Malazgirt Zaferi, 25 Ağustos 1071'de başladığı savaş 26 Ağustos'ta başarılı bir şekilde sonlandı. Selçuklu Sultanı Alparslan'ın Bizans İmparatoru IV. Romen Diyojen'in ordusunu mağlup ettiği savaş olarak tarihteki yerini almıştır. Bu zafer, hem askeri hem de siyasi açıdan dünya tarihinin önemli dönüm noktalarından biridir. Malazgirt Zaferi, Türklerin Anadolu'ya girişini kolaylaştırmış ve Bizans İmparatorluğu'nun bölgedeki egemenliğini sonlandırmıştır.
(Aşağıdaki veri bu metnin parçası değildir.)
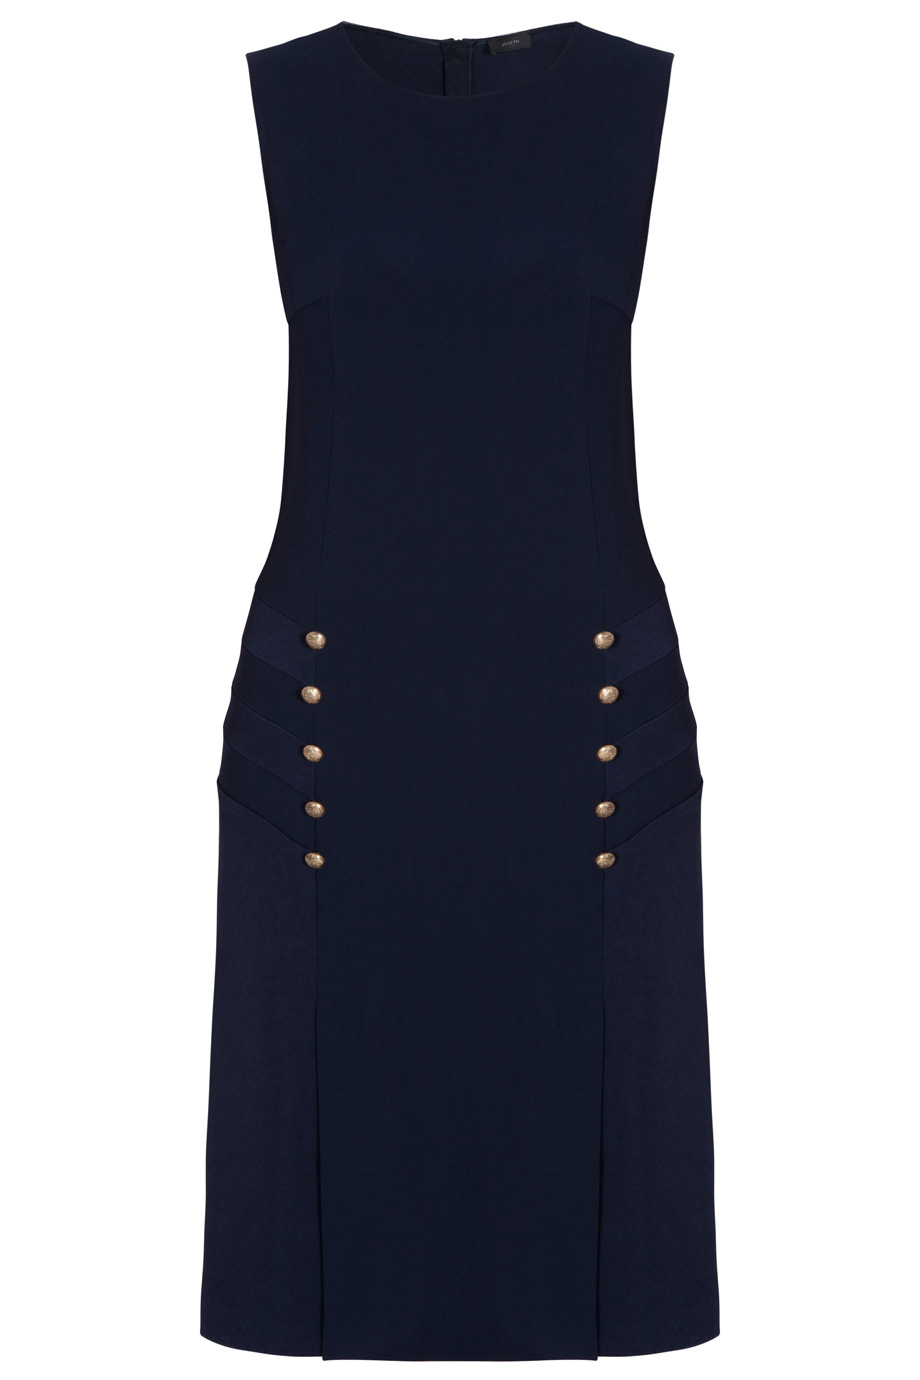 Lyst - Joseph Step Military Side Button Dress in Blue
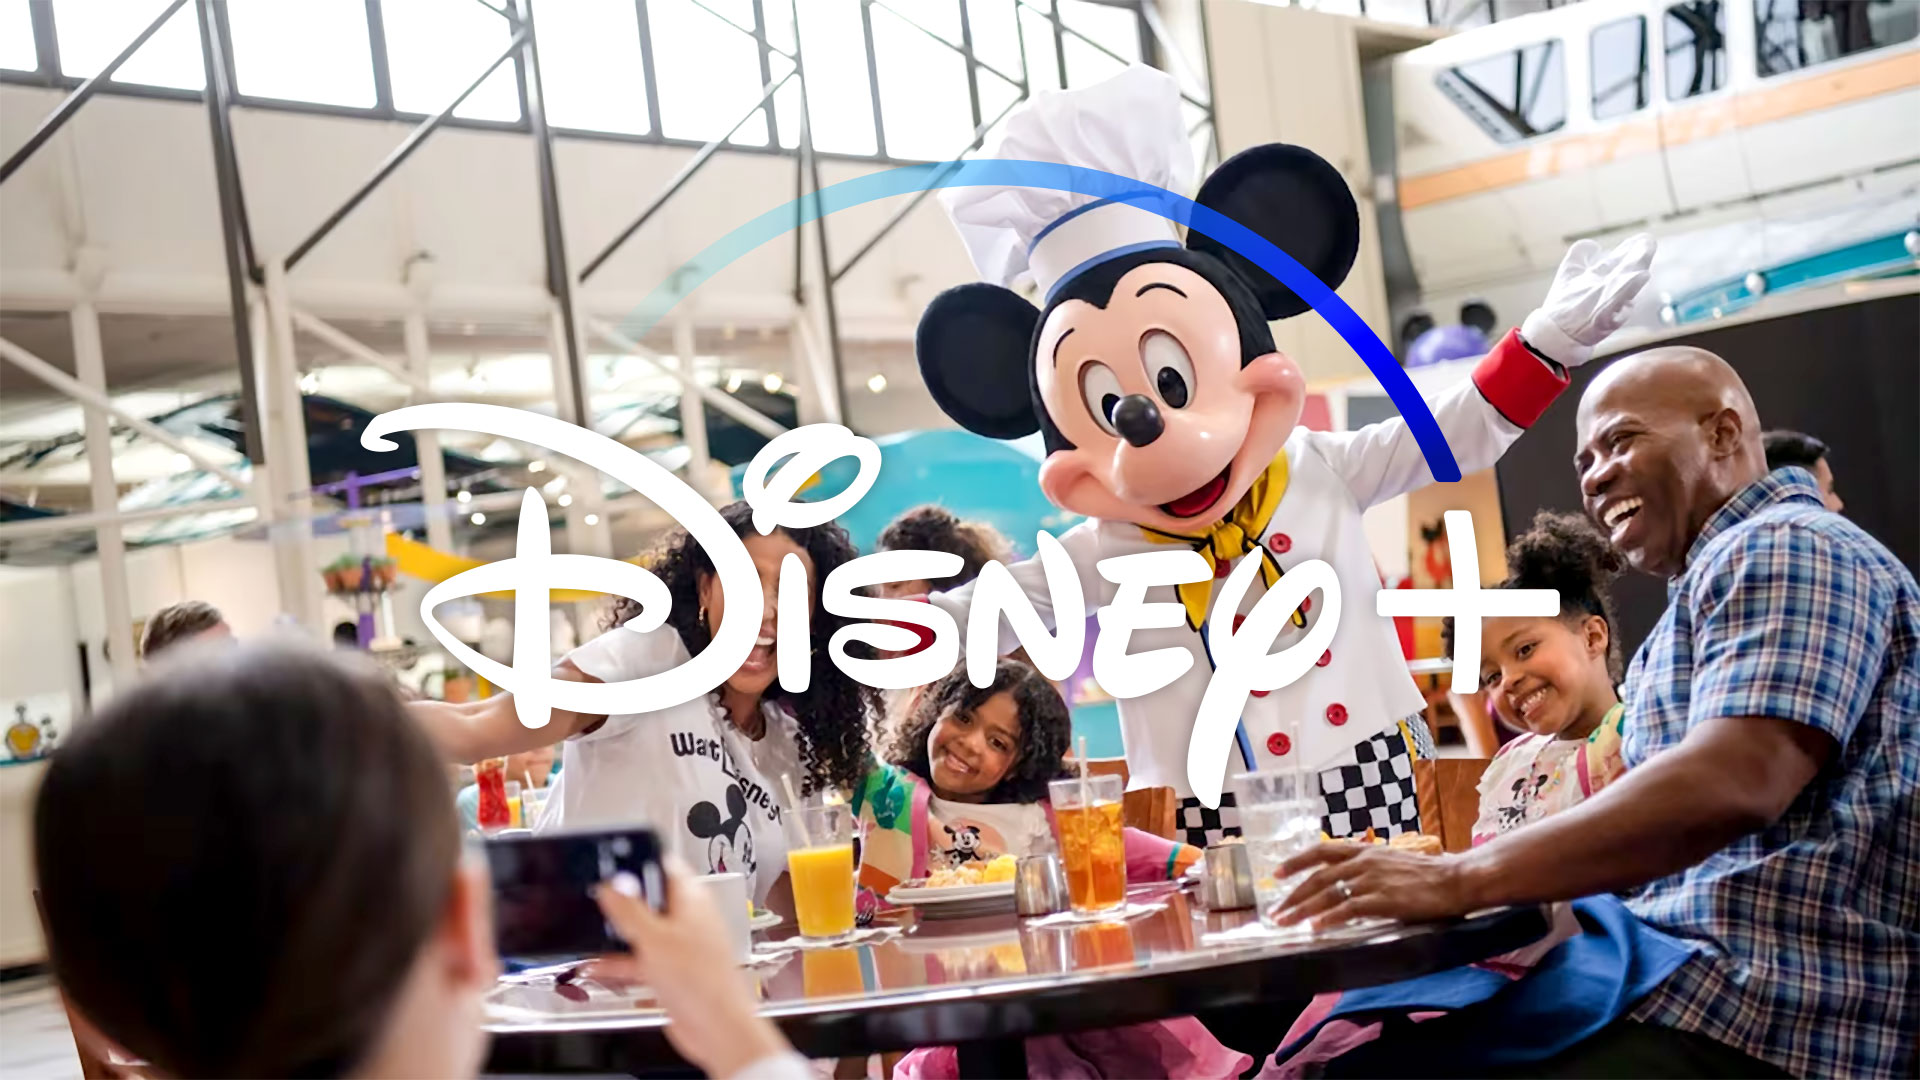 Eat for free at Walt Disney World with Disney+

Horasan Meliki Çağrı Bey'in son eşinden dünyaya gelen Sultan Alparslan, 27 Nisan 1064'te Büyük Selçuklu Devleti'nin ikinci hükümdarı olarak tahta çıktı. Bizans'ın egemenliğindeki Anadolu'ya yönelik seferler düzenleyen Alparslan, Kars ve Ani şehirlerini fethederek Bizans'tan ilk topraklarını aldı. Sultan Alparslan, Malazgirt Ovası'nda Bizans İmparatoru IV. Romen Diyojen'in komutasındaki orduyu, kendi ordusundan dört kat büyük olmasına rağmen mağlup etmeyi başardı. Bu askeri başarı, tarihsel bir dönüm noktası olarak kabul edilmektedir.
Zafer, Selçuklu Devleti'nin İslam dünyasında etkisini artırarak, Türklerin askeri anlamda öne çıkmasını sağlamıştır. Malazgirt Zaferi'nin İstanbul'un fethine giden sürecin başlangıcını oluşturduğunu belirten Alican, bu zaferin Bizans'ın bölgedeki egemenliğini sona erdirdiğini ve Selçuklu Devleti'nin Anadolu'daki hâkimiyetini güçlendirdiğini ifade ediyor. Malazgirt Zaferi, Selçuklu Devleti'nin Anadolu'daki etkisini artırmış ve daha sonra Osmanlı Devleti'nin kuruluşuna ve İstanbul'un fethedilmesine zemin hazırlamıştır.
Malazgirt Zaferi, sadece Selçuklu Devleti'nin değil, aynı zamanda Türklerin Anadolu'daki varlığının pekiştirilmesinde de kritik bir rol oynamıştır. Sultan Alparslan'ın Malazgirt'teki başarısı, Türklerin Anadolu'yu fethetme sürecini başlatmış ve Bizans'ın yıkılış sürecinin temel taşlarını döşemiştir. Zafer, aynı zamanda Selçuklu Devleti'nin İslam dünyasındaki etkisini ve Türklerin askeri gücünü pekiştirmiştir. Sultan Alparslan'ın komutasındaki bu zafer, tarihteki etkisi ve bıraktığı miras açısından büyük bir öneme sahiptir.